No loopholes. There must be no "loopholes" that will permit Israel to evade or undermine the freeze agreement, as was done in previous governments. According to reports, it seems pretty clear by now that a settlement freeze agreement is going to exist side-by-side with an Israeli insistence on completing a certain number of units already under construction. While we wish this were not the case, we recognize that this is a regrettable exception, rather than a loophole through which Israel could over time drag most of the West Bank.

Transparency. A list of any settlement construction to be completed must be public. Assuming Israel will insist, over US objections, that it will finish a finite number of settlement units already under construction, the list of those units must be made public. There is zero trust when it comes to Israel's intentions with respect to settlement construction and there will be zero trust in Israeli commitments regarding these units. Outside verification will be critical.
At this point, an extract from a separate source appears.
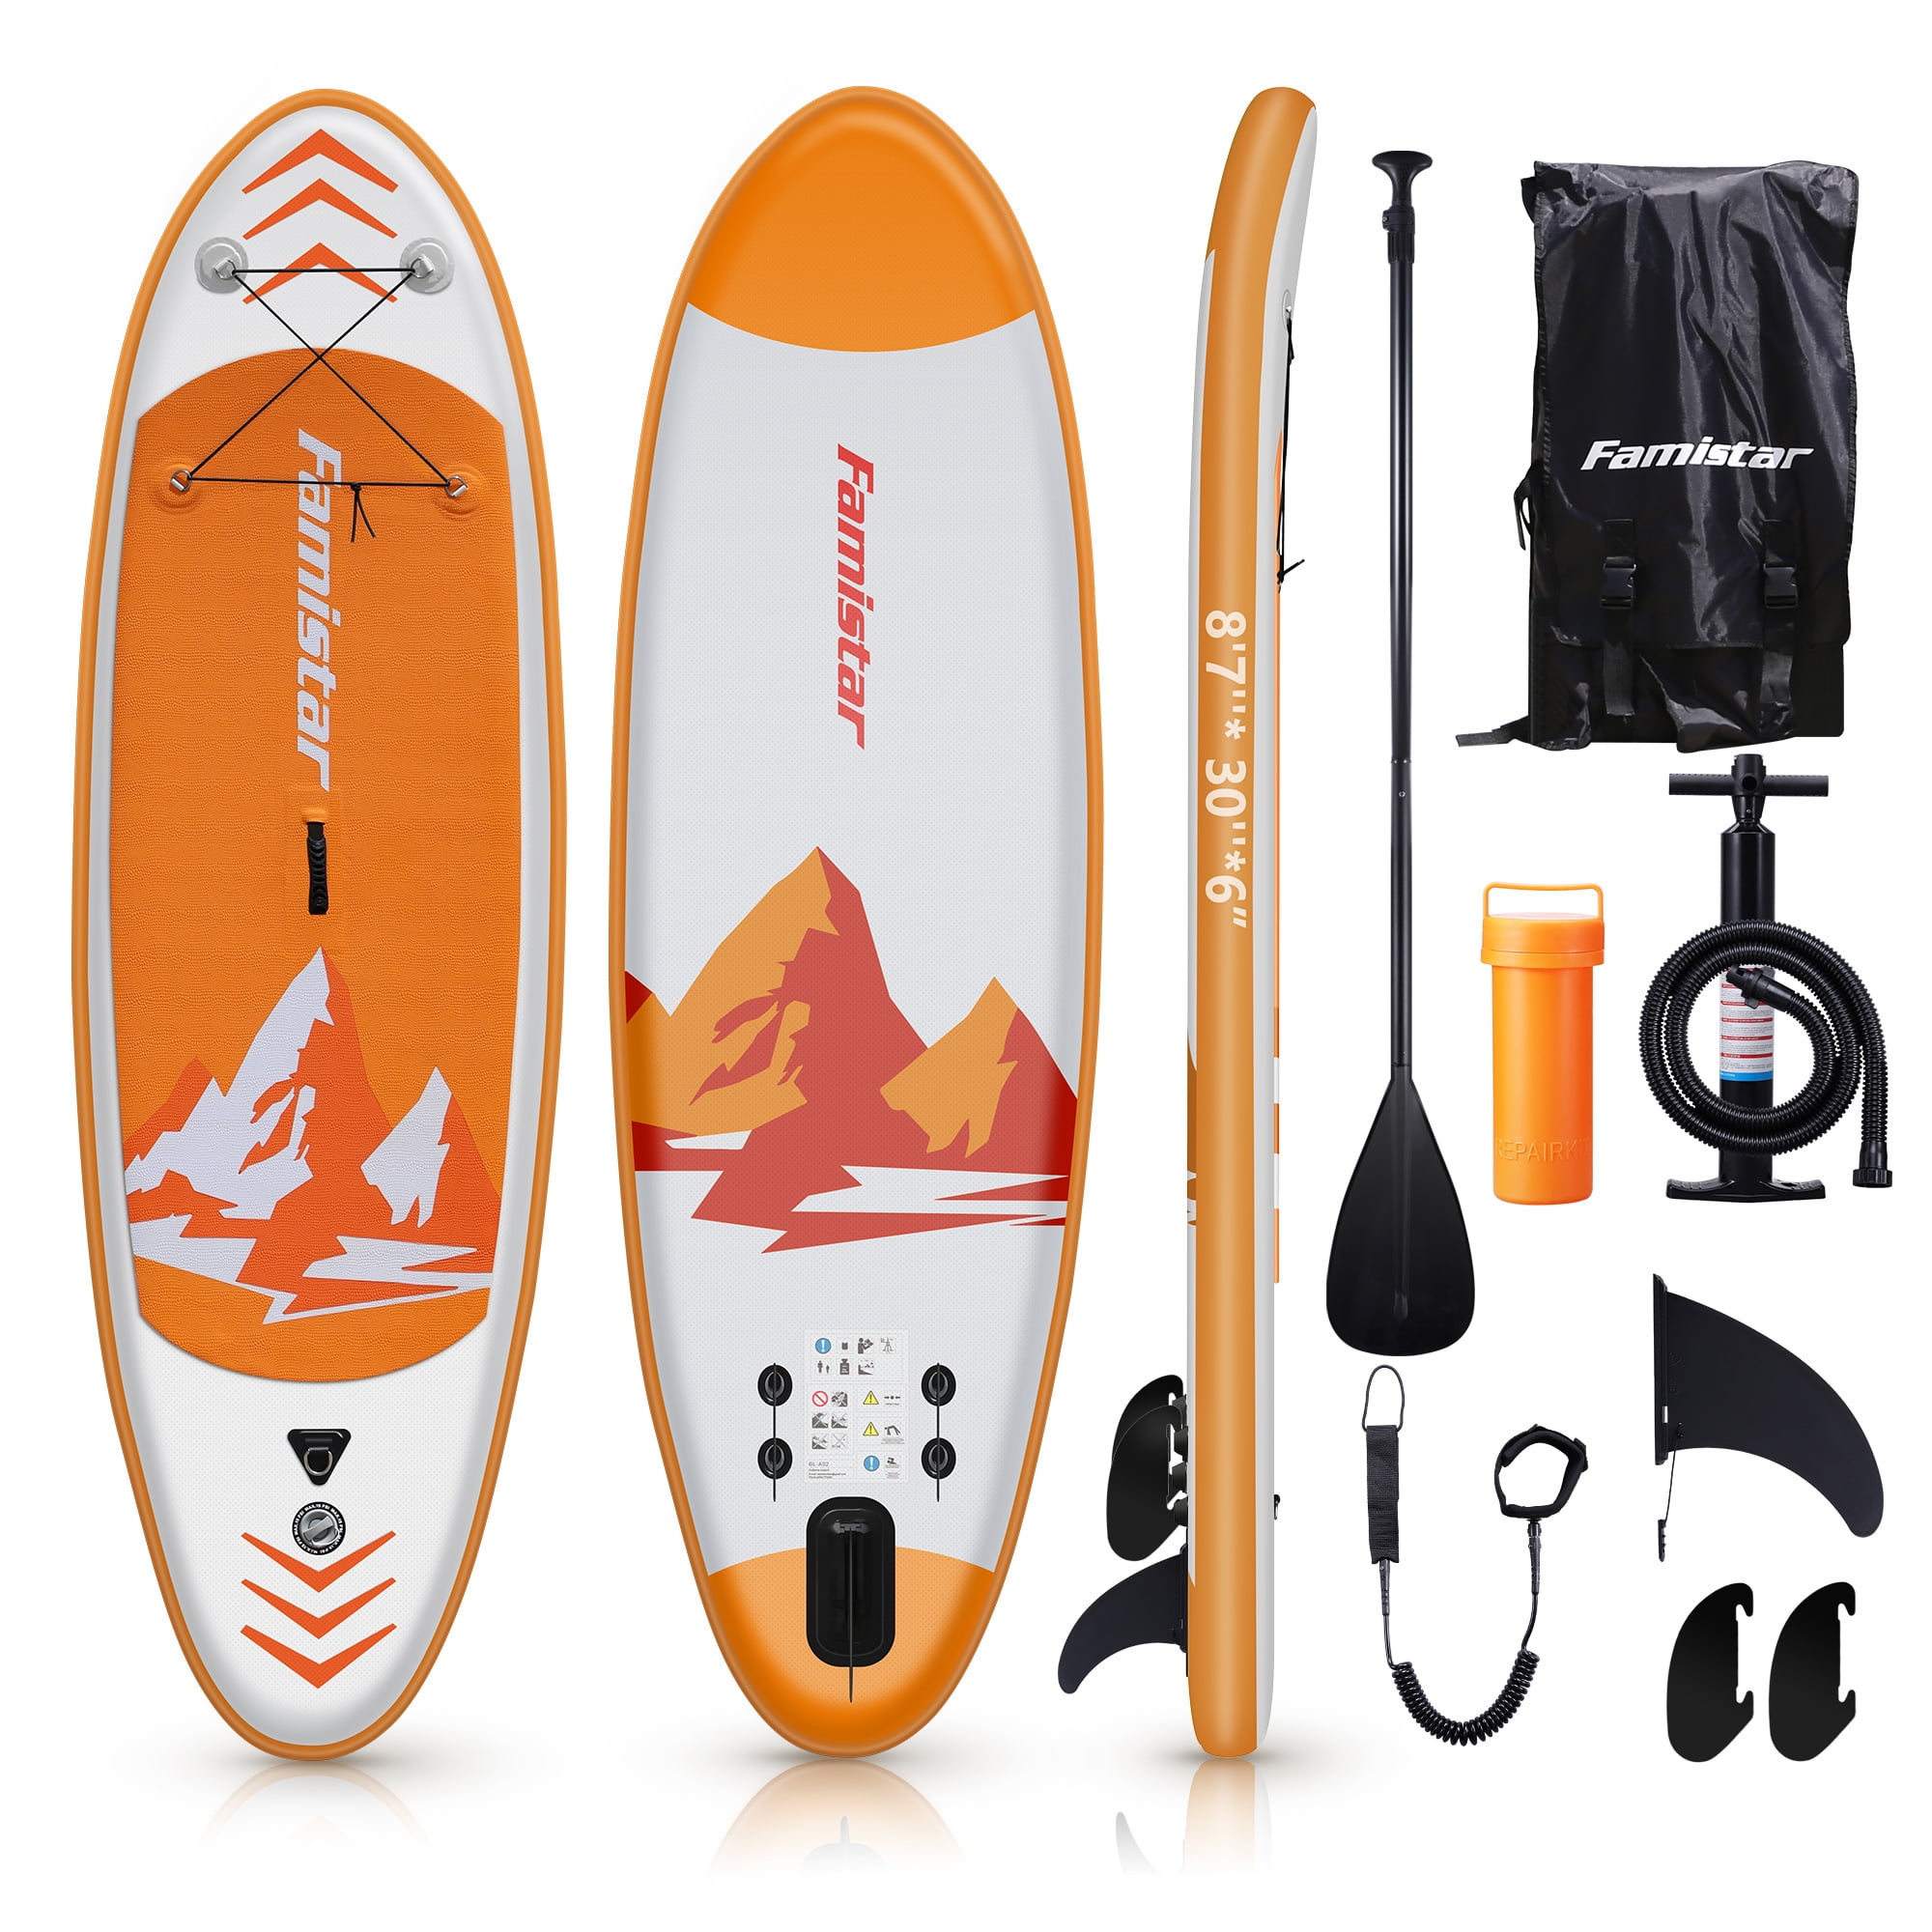 Riber Orange with Accessories 9.5ft iSUP Inflatable Stand Up Paddle Board

No US permission to build anything. Under no circumstances can a settlement freeze agreement include US approval, permission, or de facto acceptance of continued Israeli settlement construction, anywhere. If Israel is going to insist on "completing" a finite number of units already under construction, the US will have to find a formula that makes clear that it in no way condones Israel doing so, or President Obama will become the first president in US history to formally and officially approve settlement construction. And the US will have to make clear that the locations of this continued construction do not imply any new US understandings, formal or informal, about where Israel can build including in East Jerusalem.

No US permission to build anything in settlements in the future. Under no circumstances can a settlement freeze agreement imply or be permitted in anyway to be interpreted as implying that once the freeze period is over, the US will no longer disapprove of Israel building in settlements.

Freeze must include planning. For a freeze to be meaningful it must include stopping all new plans for construction in settlements -- no new plans submitted, approved, considered etc.... Otherwise planning is a constant sword hanging over freeze and over the political process a freeze is supposed to help launch.

Netanyahu, despite his extreme right wing coalition, has slowly begun to distance himself from his pre-election campaign declarations, regarding expansion of settlements, construction in E1 and in Jerusalem.

I think the above criteria on a settlement freeze can be met, even with the currant Israeli government.

In addition, my experience tells me that Israeli public support for US peace steps will begin to rise dramatically the moment Israelis sit down in face to face negotiations, with recognizable and personable Palestinian and Arab leaders, in a mutual effort to reach an agreement.

This should surely be the next immediate step.